Nuremburg War Crimes Trials

John Q. Barrett is a law professor at St. John’s in New York and a scholar of Justice Robert Jackson (pictured below).  He produces periodic e-mails about Justice Jackson that are often fascinating.  His most recent message deals with Jackson’s exchange with Judge Charles Wyzanski over the legitimacy of the Nuremburg trials of Nazi leaders after World War II, and I read it all the way through.  Because Prof.
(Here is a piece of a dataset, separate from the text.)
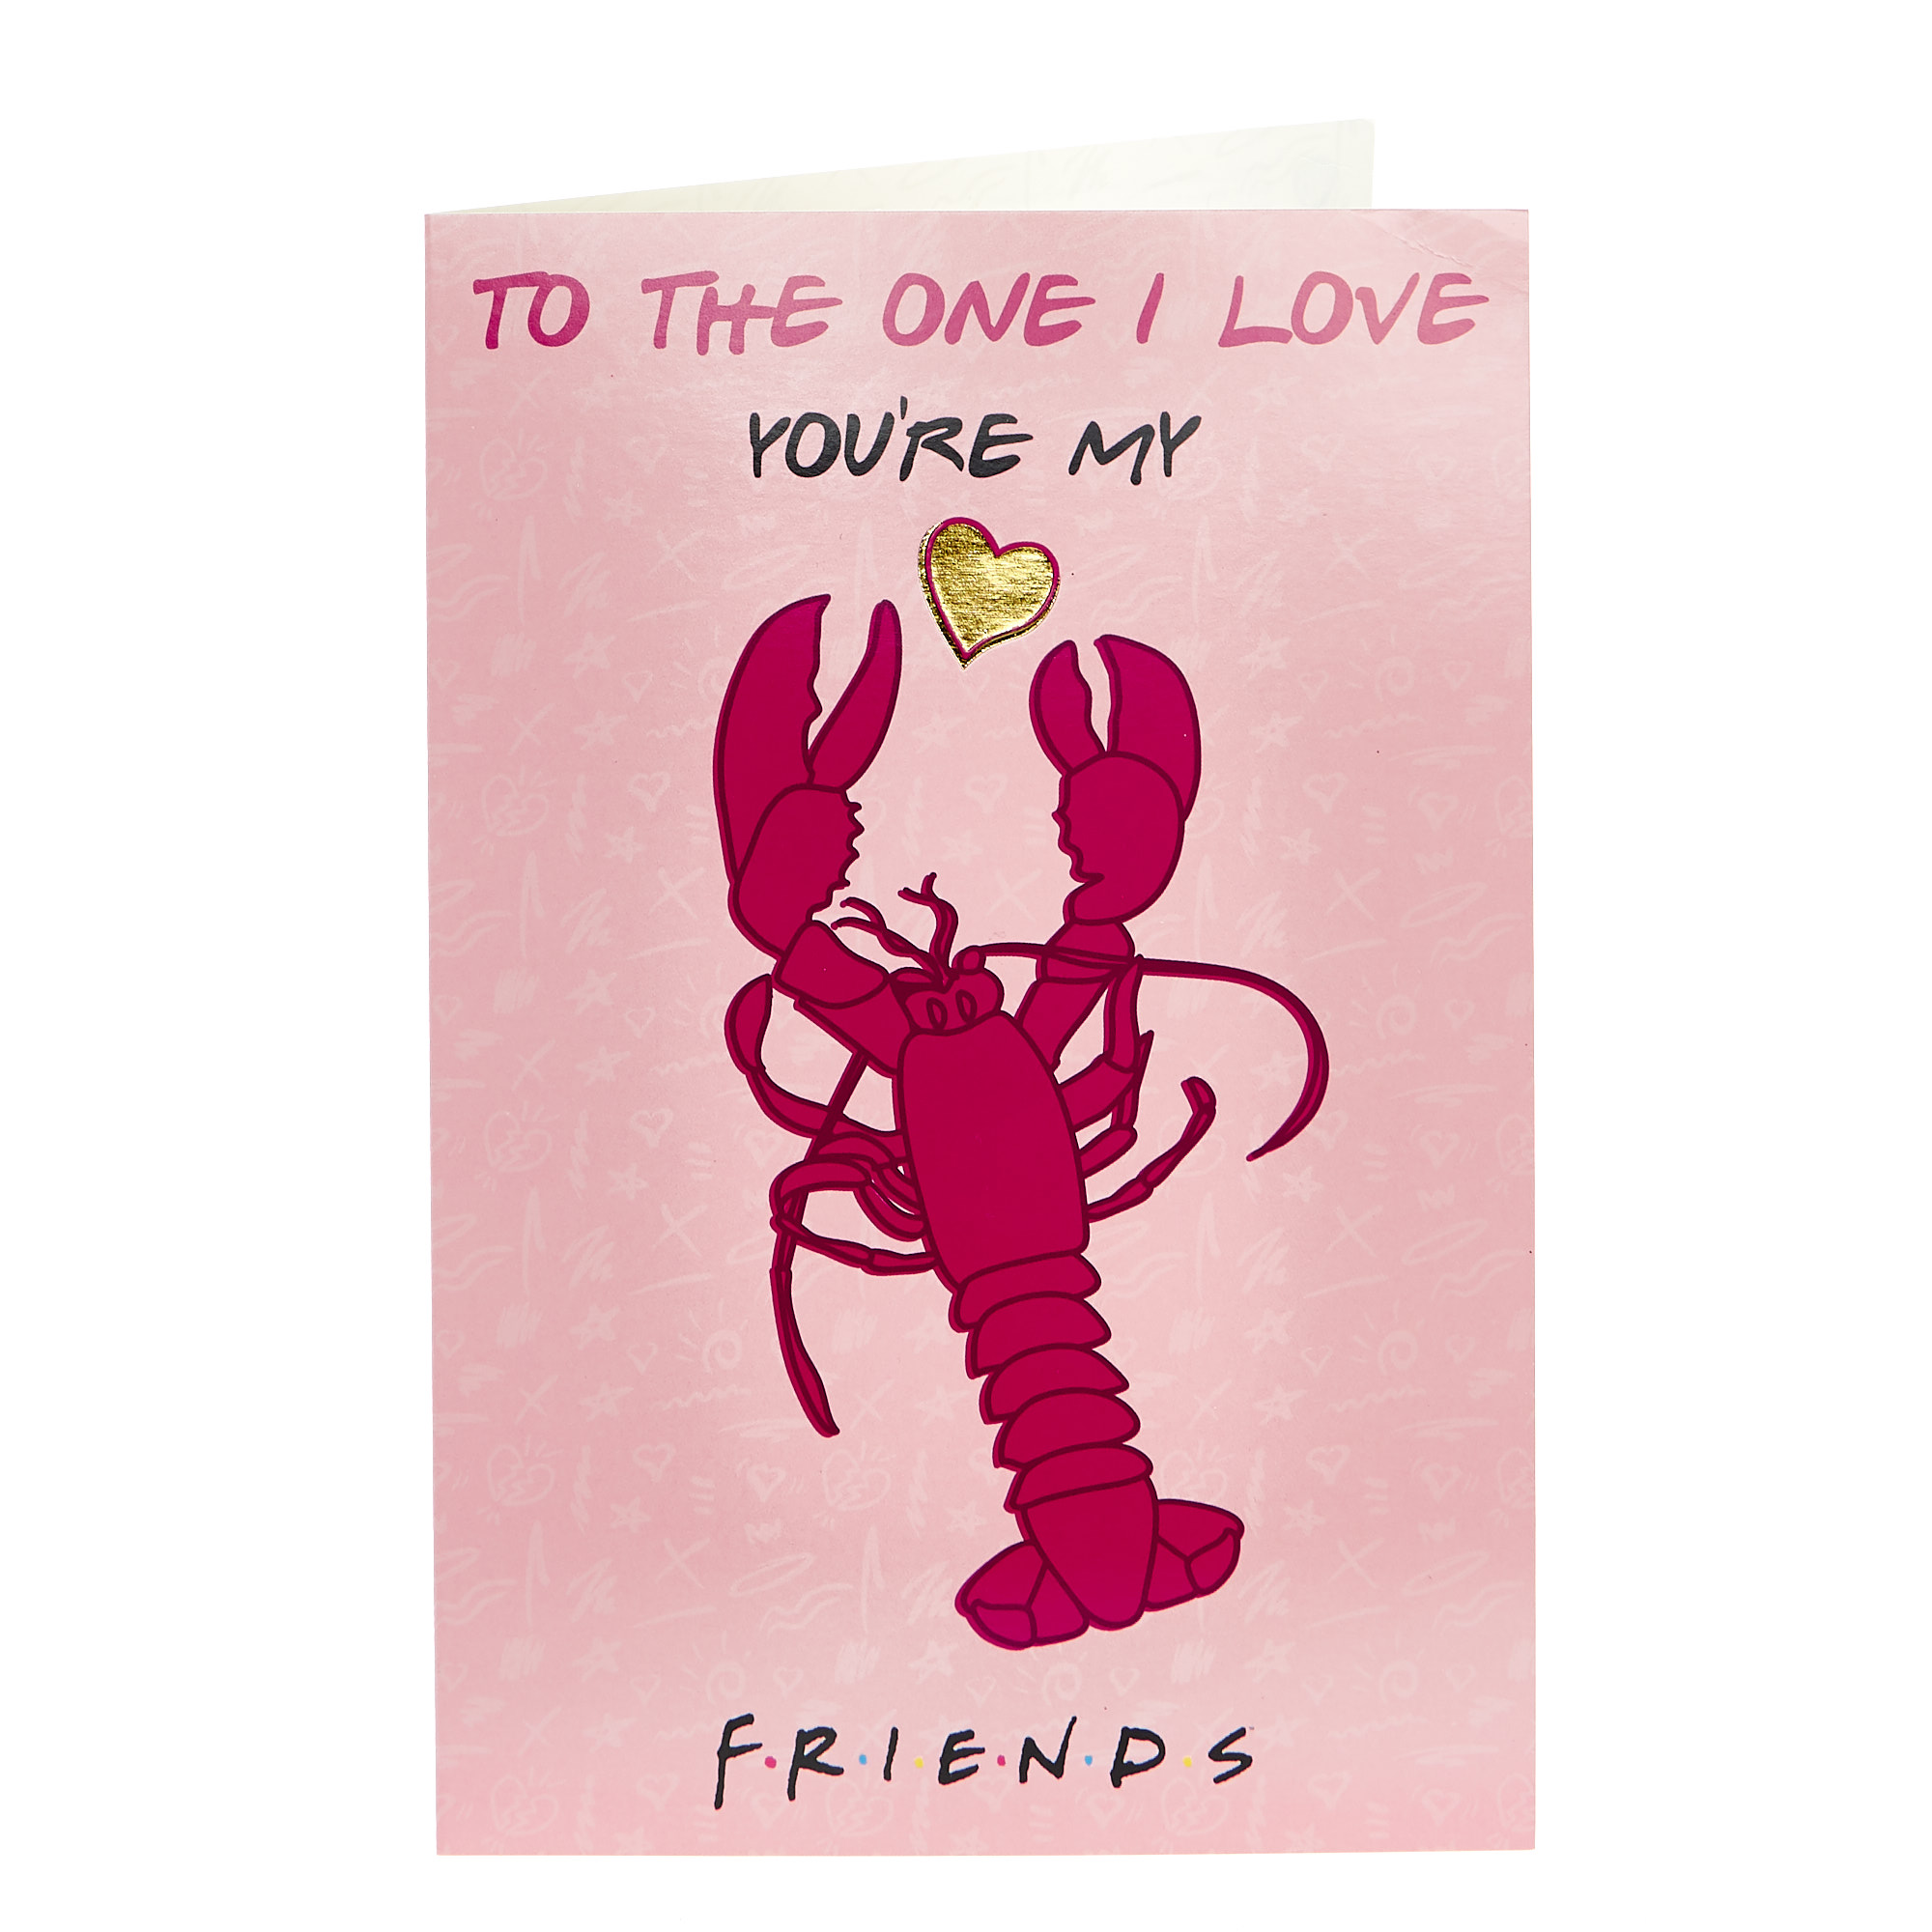 F.R.I.E.N.D.S Valentine's Day Card - You're My Lobster

Barrett encourages the republication of his material, I include it in its entirety, with his permission.  (You can sign up to receive the Jackson-related e-mails through his home page).

Charles E. Wyzanski, Jr., was just short of his 27th birthday when the new president, Franklin D. Roosevelt, in April 1933 nominated the young lawyer to serve as solicitor in the U.S. Department of Labor.  Wyzanski, a top graduate of Harvard College (1927) and Harvard Law School (1930), had been a student and now was a protégé of Professor Felix Frankfurter.  Wyzanski had briefly practiced law in Boston, then clerked in New York City for Judge Augustus Hand and then for Judge Learned Hand, both of the United States Court of Appeals for the Second Circuit (and cousins), and then returned to law practice in Boston.  Wyzanski, confirmed by the Senate, served as Labor solicitor until 1935 and then moved to the Office of the Solicitor General in the U.S. Department of Justice.  He was, across the 1930s, one of the most talented and significant of the young New Dealer lawyers.
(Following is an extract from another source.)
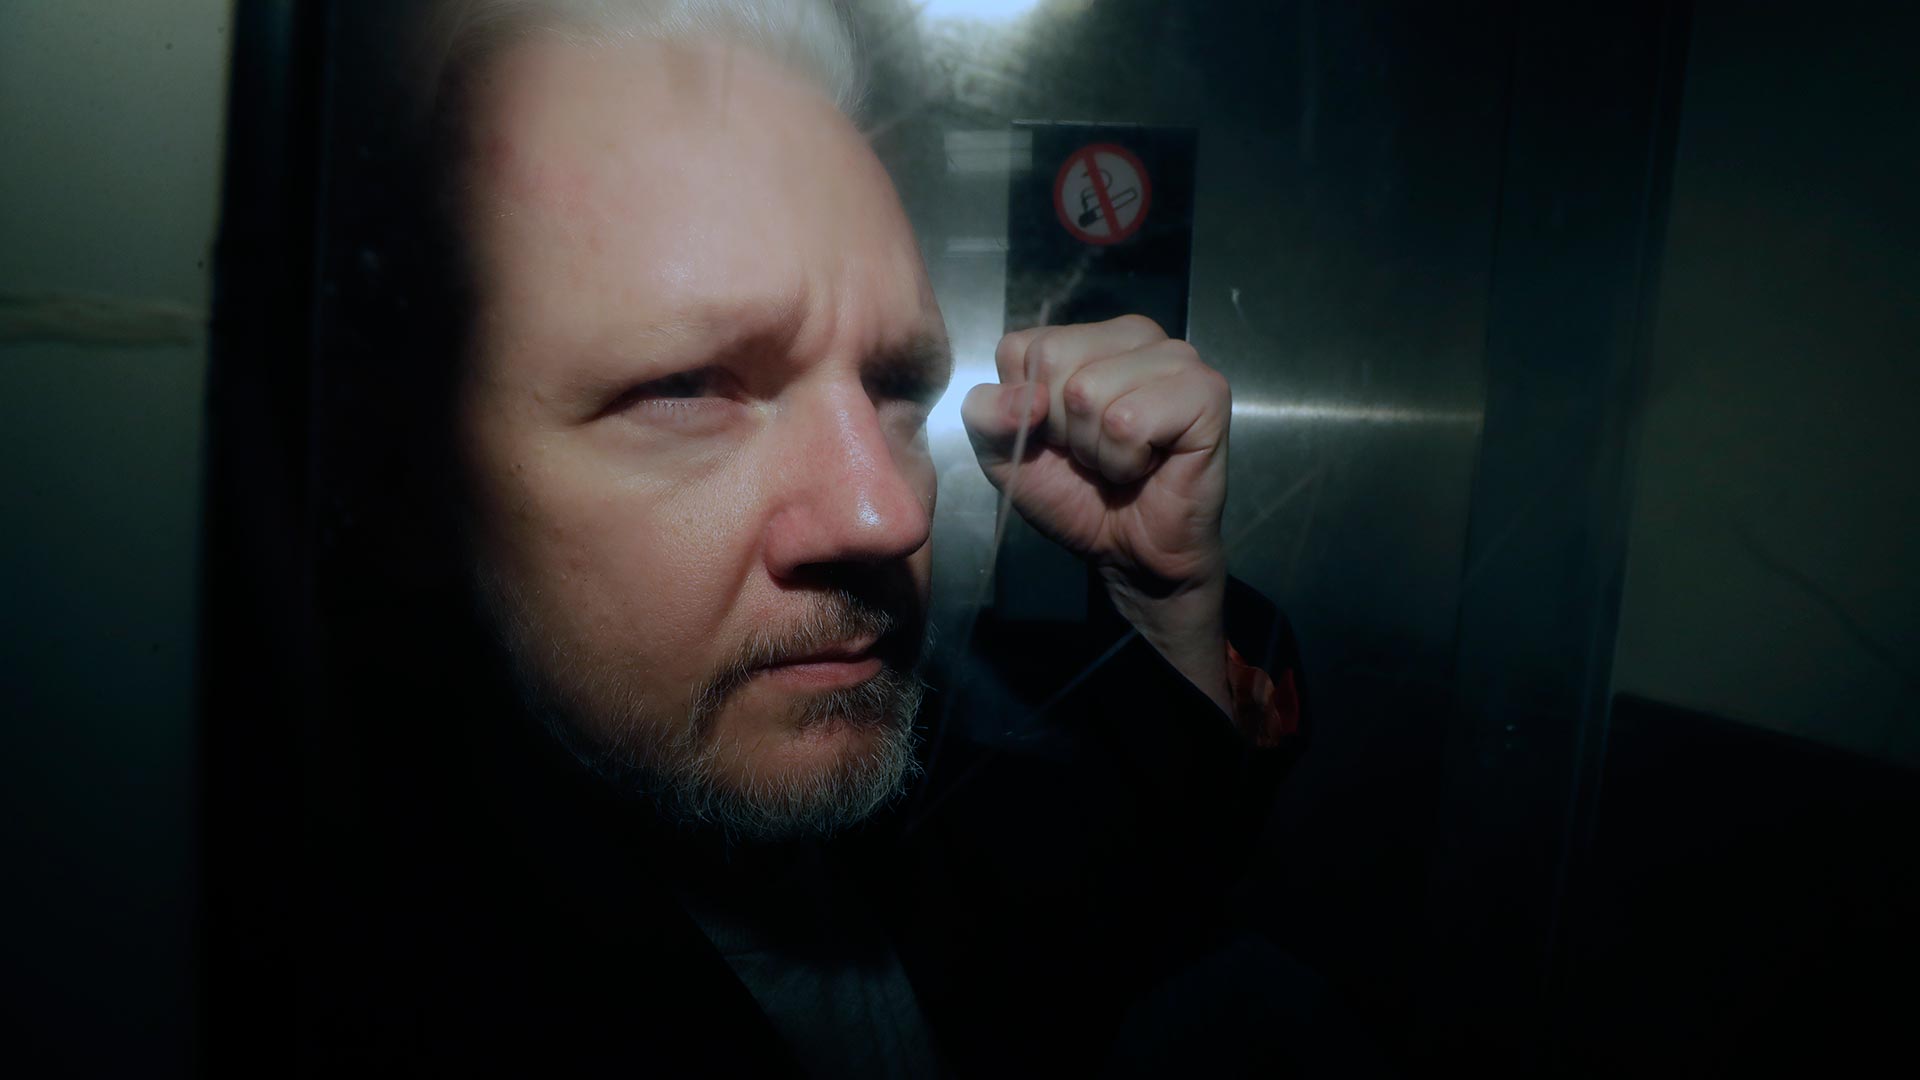 Assange, condenado a 50 semanas de cárcel por violar la libertad condicional en 2012

Robert H. Jackson, fourteen years Wyzanski’s senior and no Harvard (or any college or law school) graduate, came to Washington and the Roosevelt administration, as chief counsel in the Treasury Department’s Revenue Bureau, in early 1934.  By 1935, Jackson had become one of the New Deal’s important lawyers and an FDR insider.  Jackson moved briefly to the Securities & Exchange Commission and then, in 1936, to the Justice Department.  He became one of the principal attorneys handling high stakes litigation, including defenses of new federal laws that were under constitutional attack.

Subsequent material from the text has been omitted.